Requesting the Desired Output
It’s important to be aware of the choices available when generating a list so that the output file meets the requirements of your use case. The following are some things to consider.
Entity Type
Indicate whether the desired file should contain a list of businesses or business locations. One file will contain a list of only one of these entity types.
Filters
Provide the Enigma team with an idea of the type of business or business location being targeted. To get an idea of the dimensions along which the Enigma data can be filtered see the Enigma attribute dictionary.
Attributes
When discussing a list generation with a member of the Enigma team it helps to familiarize yourself with the Enigma attribute dictionary. This contains explanations of the various attributes available to include in the output file alongside the basic identifiers of the business or business location like business name, address, Enigma ID, etc.
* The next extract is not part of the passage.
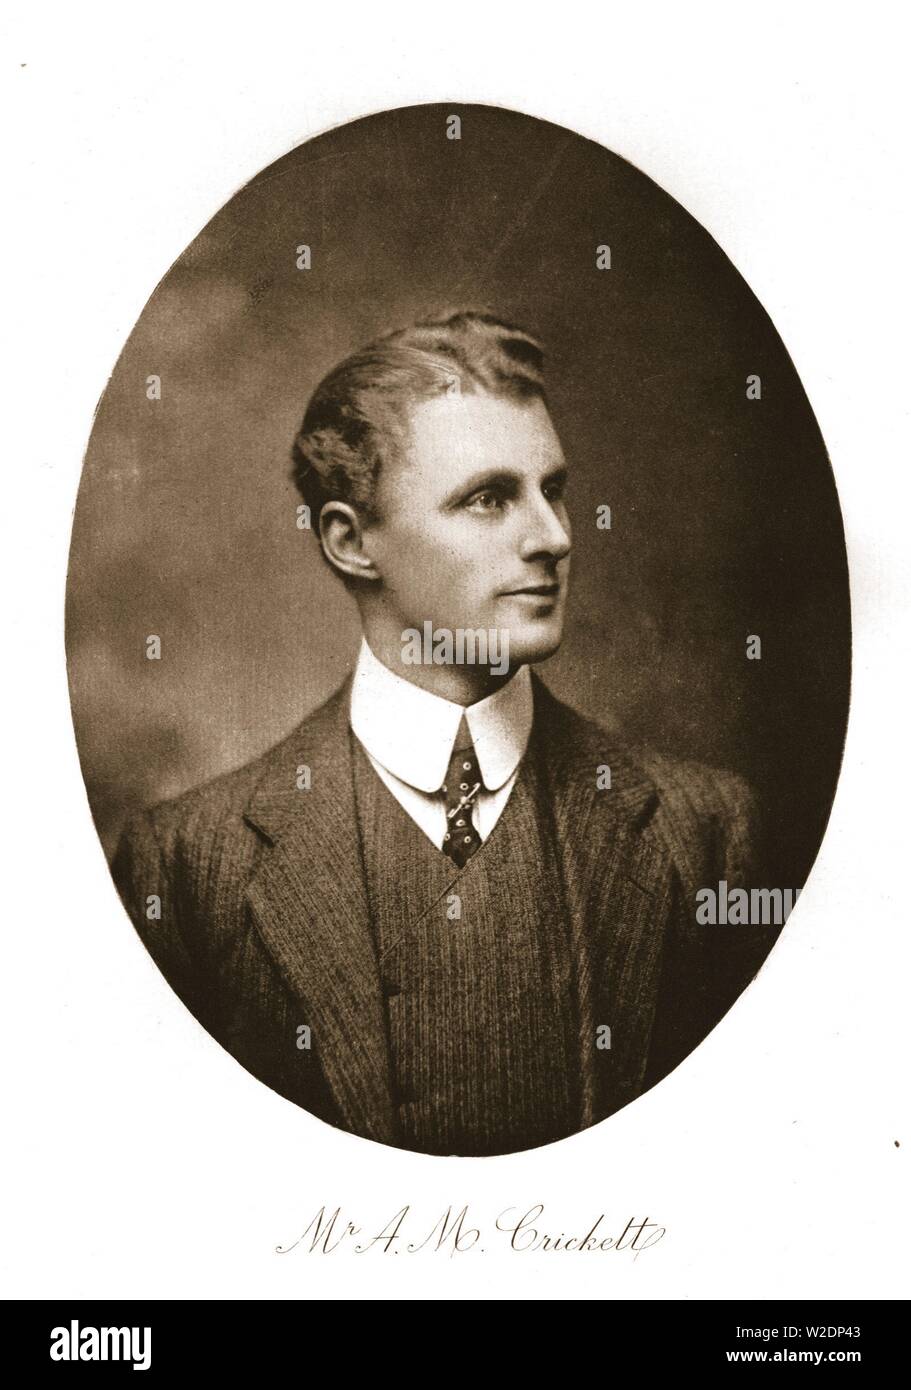 Mr A M Crickett, 1911.  Creator: Unknown. Stock Photo

Some attributes are available as a monthly time-series (currently, only the Merchant Transaction Signals). Let the Enigma team know whether you are interested in only the most recently available month of transaction related data or multiple months of history.
Output Format
The final output can be in csv or parquet format.
File Structure
The structure of the output file is also something that can be customized.
Enigma data is stored as a collection of attributes. Some of these attributes are represented as objects with properties associated with them. The file can be structured so that all such attributes are either flattened or unflattened.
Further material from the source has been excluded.